Bombay Stock Exchange (BSE) building is seen as Sensex plummets 2000 point due to Coronavirus outbreak, in Mumbai on Monday. (ANI Photo)
Bombay Stock Exchange (BSE) building is seen as Sensex plummets 2000 point due to Coronavirus outbreak, in Mumbai on Monday. (ANI Photo)

Why the Nifty Bank index is undershooting the Nifty 50 by a mile

  • Since 6 March, the day after the Reserve Bank of India placed Yes Bank under a moratorium, the Nifty Bank index has fallen 40.6%, a steeper fall than the 30.8% drop in the Nifty 50 index
  • Year to date, the Nifty Bank has tumbled 46.8% against Nifty 50’s drop of 35.9%

Financial stocks have been lurching from one crisis to another, starting from the Infrastructure Leasing and Financial Services Ltd’s collapse, to the fraud at Punjab and Maharashtra Co-operative Bank Ltd and now to the recent bailout of Yes Bank Ltd. Bank stocks had weathered the previous crises, but their performance in the past three weeks shows that all these worries are finally taking their toll.

Since 6 March, the day after the Reserve Bank of India placed Yes Bank under a moratorium, the Nifty Bank index has fallen 40.6%, a steeper fall than the 30.8% drop in the Nifty 50 index.

“The immediate impact of Yes Bank’s collapse will be seen on credit growth and consequently non-performing loans due to a lack of credit availability as banks will become more risk averse. Banks will most likely hoard liquidity and be very selective in credit disbursement," said Macquarie Capital Securities (India) Pvt. Ltd in a note to clients.

Out of favour
Out of favour


Year to date, the Nifty Bank has tumbled 46.8% against Nifty 50’s drop of 35.9%, led by stocks that have been highly exposed to the vagaries of the financial sector.

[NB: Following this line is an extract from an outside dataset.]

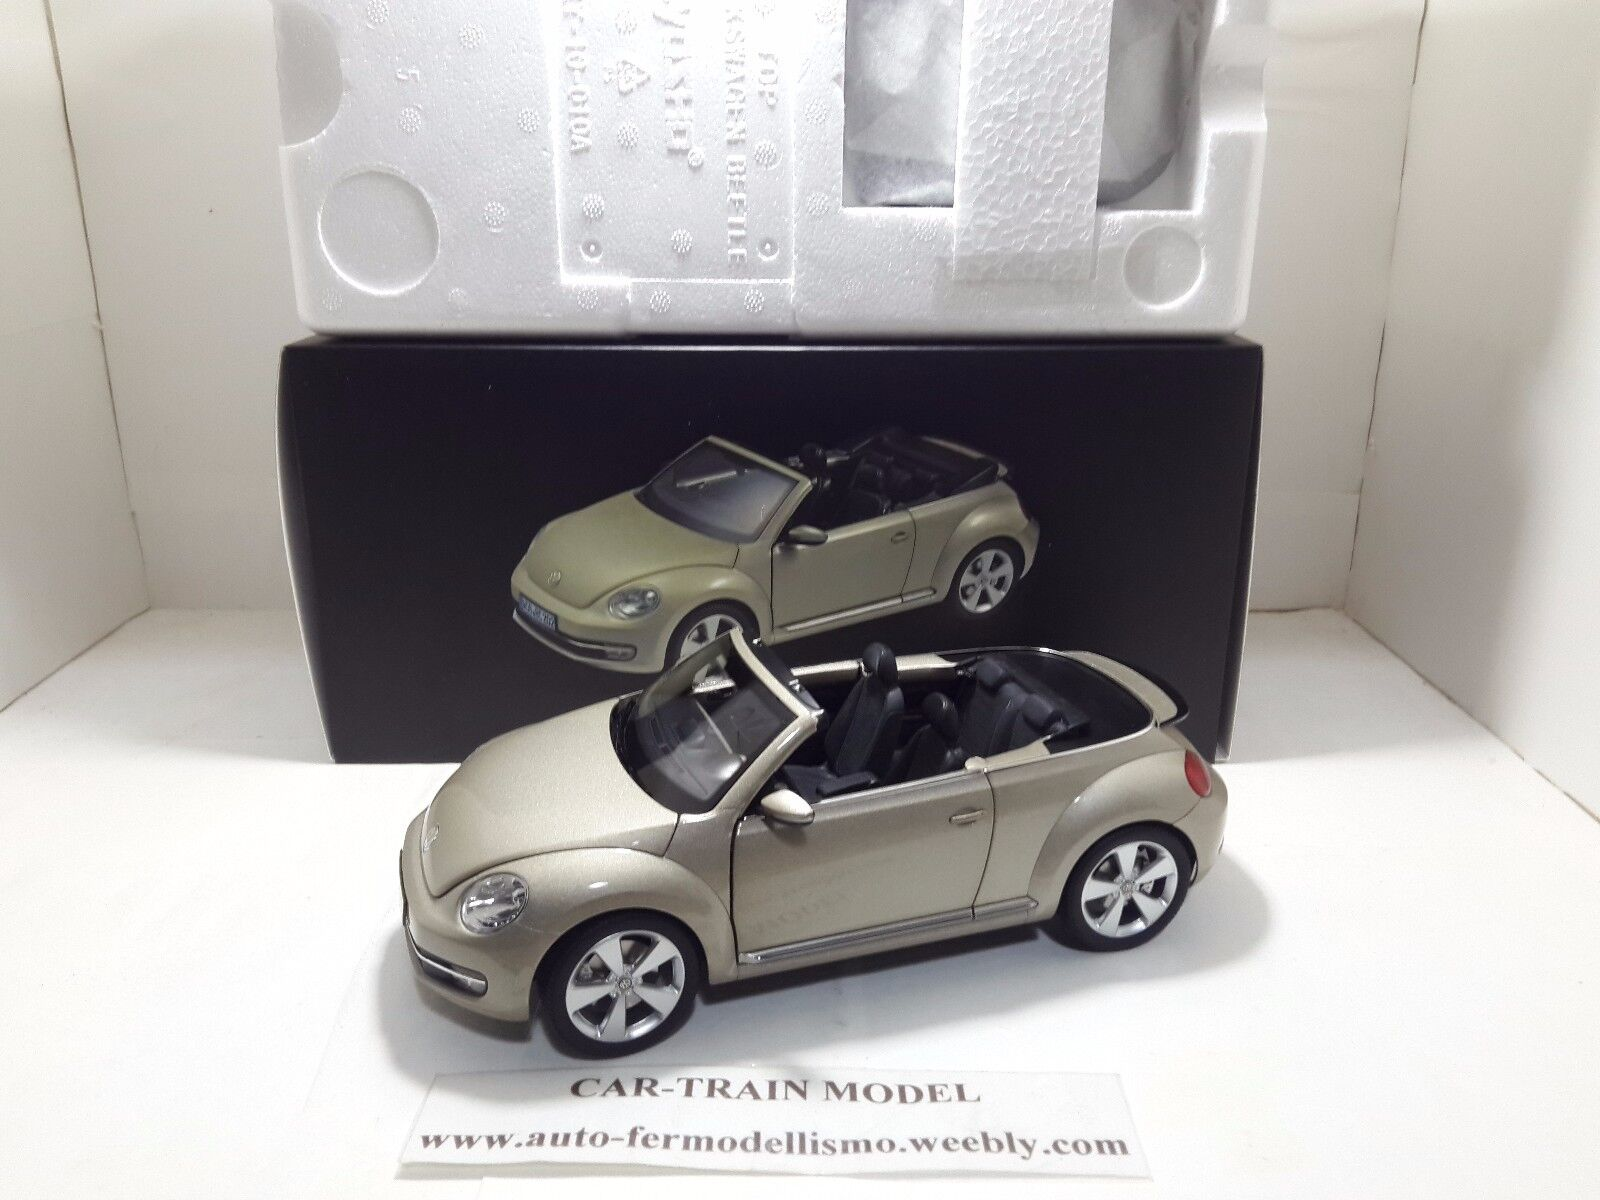 Porta Oggetti Volkswagen.Volkswagen Beetle Cabriolet 1 18 18 1 18 1 Kyosho

Stocks of IndusInd Bank Ltd fell 79.3% year to date, while Bandhan Bank Ltd, Axis Bank Ltd, and IDFC First Bank Ltd saw their stocks lose between 57.5% and 68.3%.

However, even among lenders that are considered better off, only shares of Kotak Mahindra Bank Ltd have fallen at a lower rate compared to the Nifty.

Fears of an increase in non-performing loans and slow credit growth have hit bank stocks across the board.

A slowing economy increases pressures in the credit market, as defaults can wreak havoc with bank stocks. “A weak economy hits the market hard and vulnerable banks tend to get hammered the most," noted an analyst on condition of anonymity.

Also, Yes Bank’s additional tier 1 (AT 1) bonds were written off and this has impacted fundraising prospects for other lenders, which is crucial to maintain credit growth. “At end-FY19, AT-1 instruments topped 1 trillion, forming more than 8% of banks’ capital and this will only add to current capital crunch and may impact banks’ growth dynamics," said Edelweiss Securities Ltd in a note to clients.

The recent coronavirus outbreak has led to lockdowns in various districts, and will slow the economy further and result in bad debts.

Signs of stress in the unsecured retail loans market have also been unsettling investors.

Once the darlings of the stock market because of their ability to deliver steady earnings growth, the banking sector may now well end up dragging overall earnings growth. Some analysts had earlier estimated bank stocks in the Nifty 50 would deliver about 73% growth in FY21. To that extent, it’s quite a reversal of fortunes for these lenders and it’s little wonder that some of these are among the worst-hit in the market.